I stop most Fridays at Gelson's for a
challah. Now that the kids are gone I get an itty bitty one which we
share with the dog. The bakery counter is crowded with the JCC
nursery school crowd buying challah and flowers for the weekly
Shabbat celebration. Tiny kids, with parents who sport more tattoos
and ironic headwear than fifteen years ago when I was a nursery
school mom. I remember the chronic exhaustion but also the exultant
sense of self righteousness. Child rearing was the most important
thing I'd ever done or will ever do. And now it is pretty much
mission accomplished. The spawn are smart and decent and it is
appropriate that my involvement in their lives becomes more
peripheral. I've gone on now ad infinitum about the resultant lack of
sense of purpose. Maybe I'm getting so sick of hearing myself whine
that I'll finally figure out how to meaningfully navigate life's next
phase.
We are at the annual Irish studies
conference, this year in Santa Fe, where Himself has just presented
an excellent paper on the letters of J.F. Powers. We attend these
conferences every year on his employer's dime. I listen to a few
papers, attend some performances and mooch from the hospitality
table. I ask Himself to remind me of names of the usual suspects
before the event and then chat everyone up like they're old pals.
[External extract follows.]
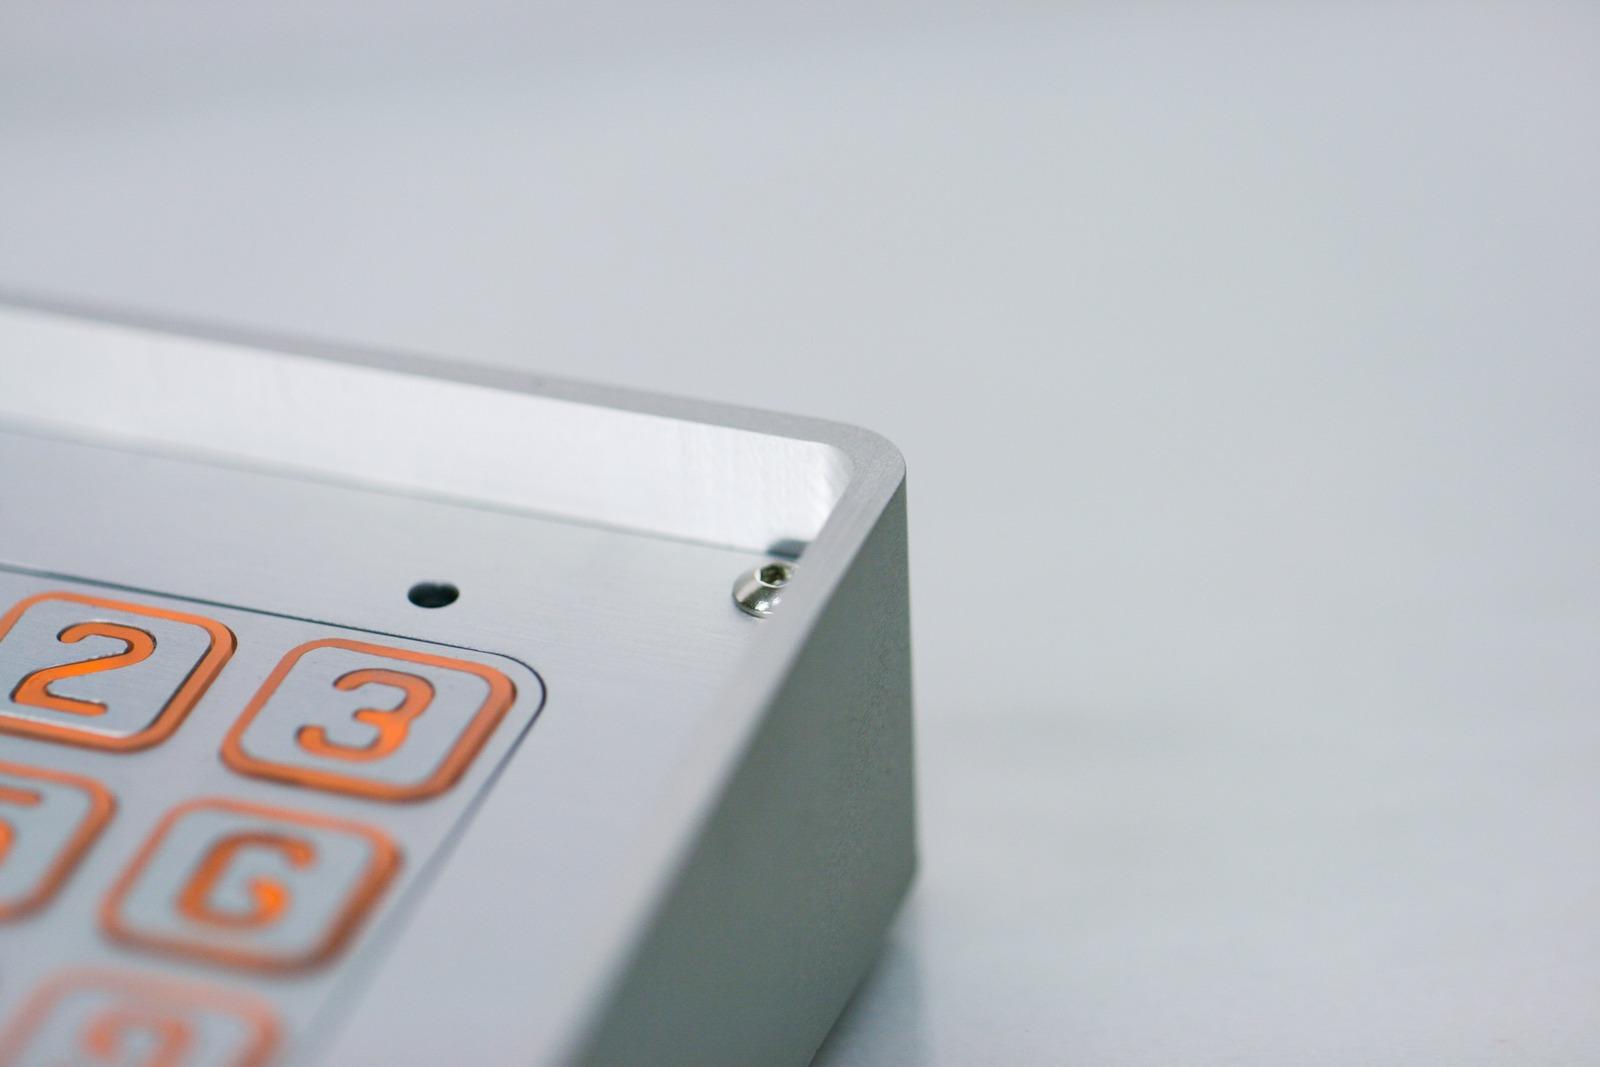 Obudowa natynkowa domofonu Radbit - stop aluminium, anodowana

With few exceptions, no one seems to have aged all that much from the
previous year. This and the abundance of free snacks reassures me.
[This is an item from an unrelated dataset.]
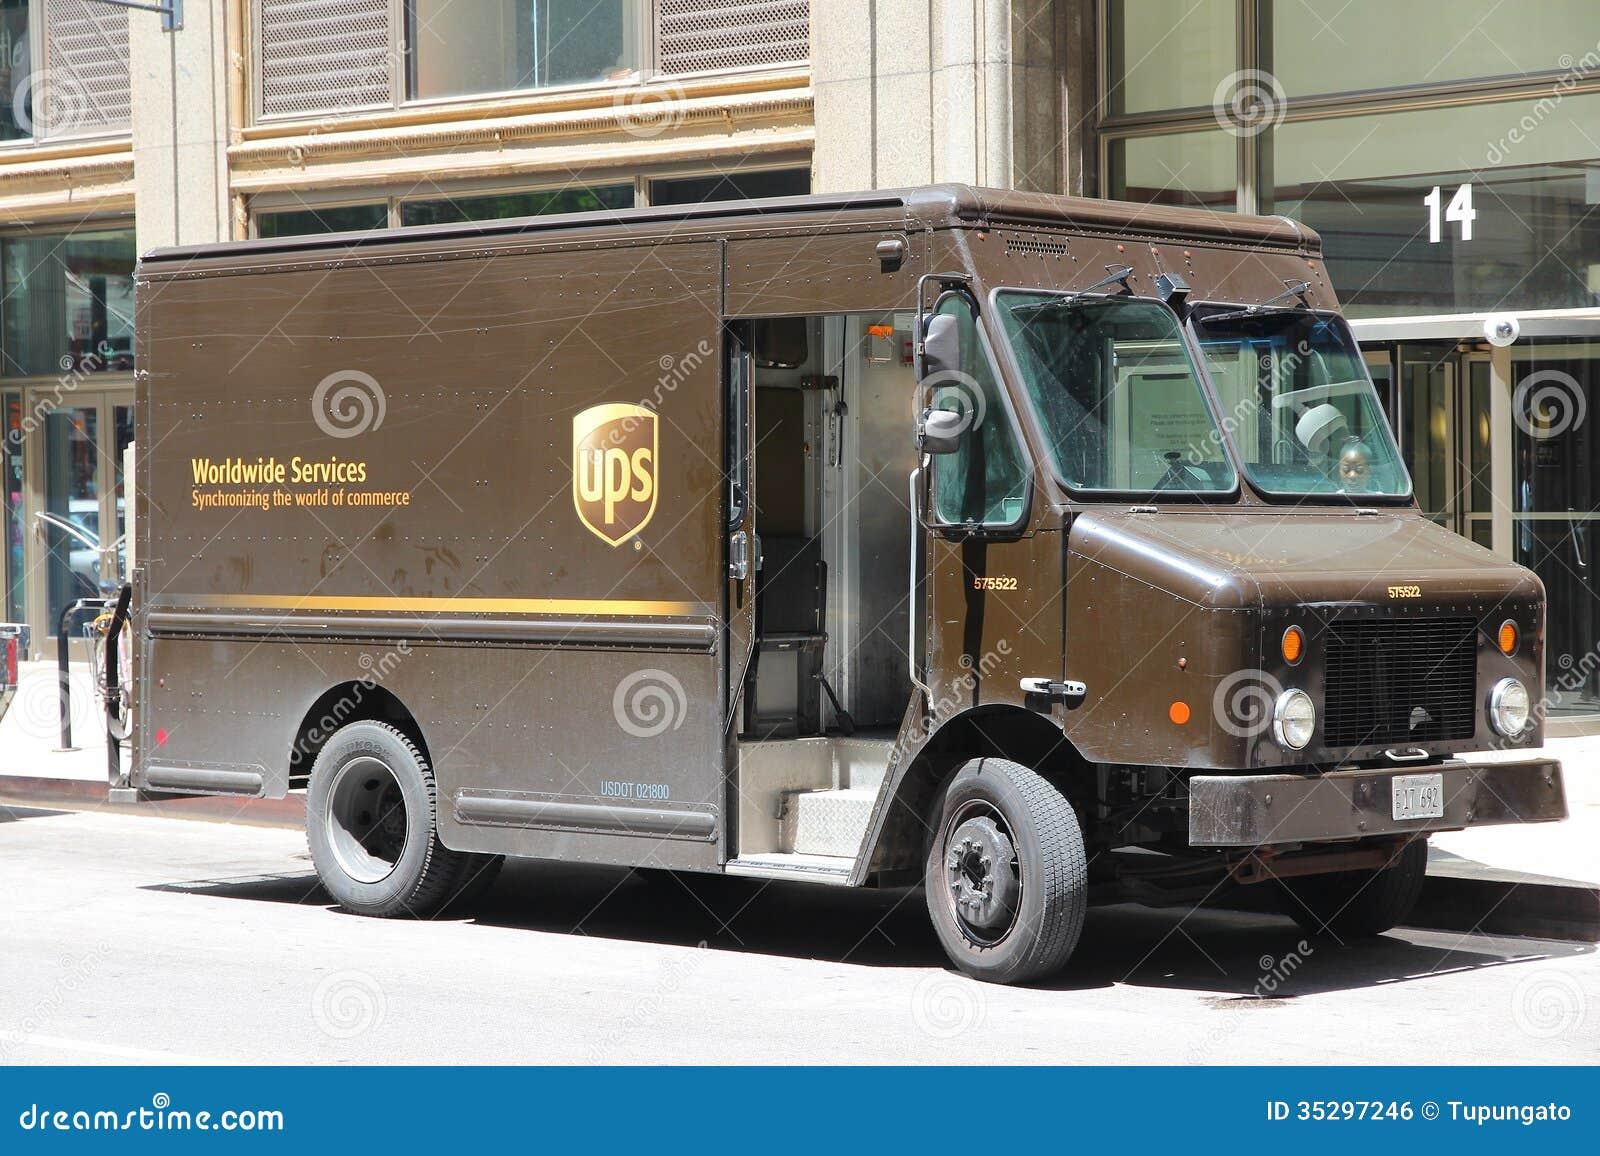 Ups Truck Editorial Photo Image 35297246

We were last in Santa Fe when Joe
College was about six months old. I land at the airport in
Albuquerque and have no memory of having been there before. We must
have been encumbered with a car seat and a stroller and heaps of baby
gear. We would have had to take the shuttle from the airport to the
car rental lot but nothing seems familiar. Coincidentally, the
conference is at the same, not very good, hotel we stay in two
decades ago but it is disconcerting that my memories are so hazy. We
ate fry bread and something with prunes at an Indian Reservation and
changed a diaper in the trunk. Snow fell lightly in the Plaza as we
pushed the stroller. We ate breakfast at the famous Pasqual's. I
return there this morning along with oodles of other tourists. The
service is snippy and the food not remarkable.
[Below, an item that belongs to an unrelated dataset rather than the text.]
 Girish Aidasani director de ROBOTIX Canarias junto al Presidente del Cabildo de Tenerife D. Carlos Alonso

Santa Fe is immaculate. There is no
litter anywhere. There is even something pristine about a dead mouse
lying in the gutter. I am immediately struck by the aroma of pinion,
one thing still familiar after over twenty years. Tony stores with expensive Southwestern-ish fashion and Native Americans sitting on blankets arrayed with silver and craft
gimcrack surround the square. The hotel pushes wildly expensive spa
treatments, like a $120 Sacred Ground Body Wrap, aggressively. The tourist magazines in the room highlight
million dollar real estate and mediocre paintings. Last year we are
in Bar Harbor, equally meticulous and offering costly souvenirs and
fashions, nearly identical to Santa Fe, except New England-ish, pine
scented incense, moose and lighthouses instead of coyotes, ristras
and pinion.
On the airplane two strangers converse
through the whole flight. They talk about family problems and new
age medicine. At the restaurant a mother and daughter chat about
traveling and gossip about friends and relatives. I am annoyed by
the banality of this incessant chatter. In my mind's eye I achieve a
higher level of discourse. We talk about ideas and tell stories. I
realize though that I do have a propensity for filling the emptiness
with inane blather but it is Himself who has no patience for chit chat and
has taught me to appreciate the silence of my own thoughts. When I
see an older couple dining at a restaurant and not exchanging a word
I would presume that they are bitter and miserable. Perhaps though
it is the comfort of a marriage so ancient that it is almost
telepathic. Often we laugh at things that no one else laughs at,
like we have transmogrified into the same perverse individual.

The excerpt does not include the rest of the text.